I live in Olympia, where I know you lived, and as you know, it's bumper-sticker mecca for the activist set. I have my own neo-con tendencies, but I also have my christian anarchy currents. We don't have any bumperstickers (due to my wife's philosophy on public statements), but the one I've been most tempted to stick on is "Love others pre-emptively."

Posted by: Dave Shackelford on February 5, 2007 11:08 PM

I've gotten in the habit, since I was eighteen, of buying a college t-shirt for every college I visit. For example, a friend ran me by the Seminary bookshop at the University of Chicago, and I had to take a detour to the student shop to get a Chicago t-shirt. Whether prestigious or not, I always have to get a t-shirt -- I've got worn-out shirts from Tulane, Western Michigan, Kansas State, Sewanee, Columbia, none of which I have attended. I don't think I am leeching the prestige of these institutions ... I never expect that people wearing a university or college shirt actually went there. To me it's more of a collecting thing. I'm interested in universities, so I like having the t-shirt!

Posted by: James on February 6, 2007 1:18 AM

Once, I volunteered to translate the Google interface into Frisian, and I got a branded T-shirt in reward. Never wore the thing, even though I've been to meetings of webloggers where a Google T-shirt would have made stand out.

No, logos are a taboo.

Posted by: ijsbrand on February 6, 2007 7:51 AM

I don't get the whole concept behind logo wear. The clothing manufacturer pays a licensing fee to the logo's owner, and of course passes that fee along to buyers in the form of higher prices. That's why, for example, a cap with the NASCAR logo costs more than a logo-less cap regardless of material quality or workmanship or other physical attributes. You are (indirectly) paying NASCAR for the right to display its logo.

Yet by wearing the cap you are giving NASCAR free advertising - actually, you're paying them to run the ad. By all rights NASCAR should be paying you, by subsidizing part of the cost of the cap.

Posted by: Peter on February 6, 2007 9:00 AM

I'm with Peter.

3rd generation advertising geek + 10 years as a copywriter + 10 years as a commercial actress = nobody gets my bod w/o renting it.

Except, you know, The BF. I can't give it away fast enough to him...

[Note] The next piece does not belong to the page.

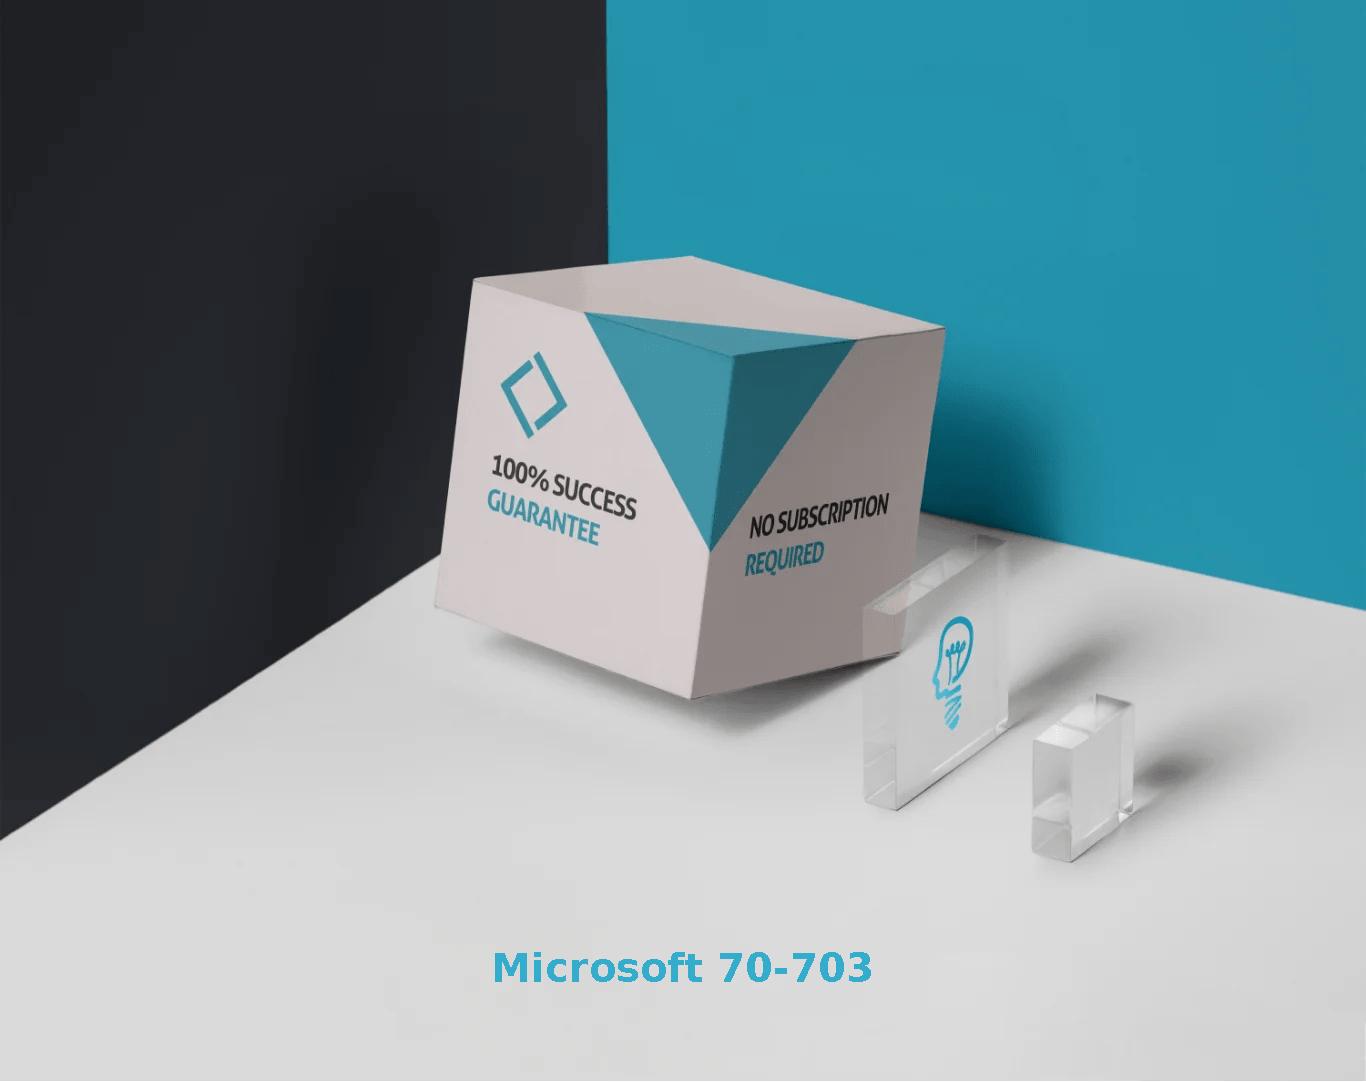 Microsoft 70-703 Exams

Posted by: communicatrix on February 6, 2007 1:27 PM

I could instantly relate to that William Gibson character, too. For many years now, I haven't been able to comfortably wear any clothing with any wording, symbols, logos, etc. on it.

That means that several clothing labels are off the list, some of which might have things I would otherwise wear. But I won't have a Ralph Lauren polo pony riding across me. A very small label somewhere, OK. But not right front and center.

Posted by: Derek Lowe on February 6, 2007 10:23 PM

Dave -- I didn't know I had any/many Oly readers. I used to work in state gummint at OFM and had to be careful on my treatment of certain subjects. Retirement is nice!

James -- I used to buy tiny college beer mugs once in a while. Difficult to wear, fortunately.

Derek -- Ditto me, in general. An itsy-bity logo is okay if I really seriously like the garment. But I avoided Tommy garb because of the large labels (they wised-up on Jeans, which I now wear).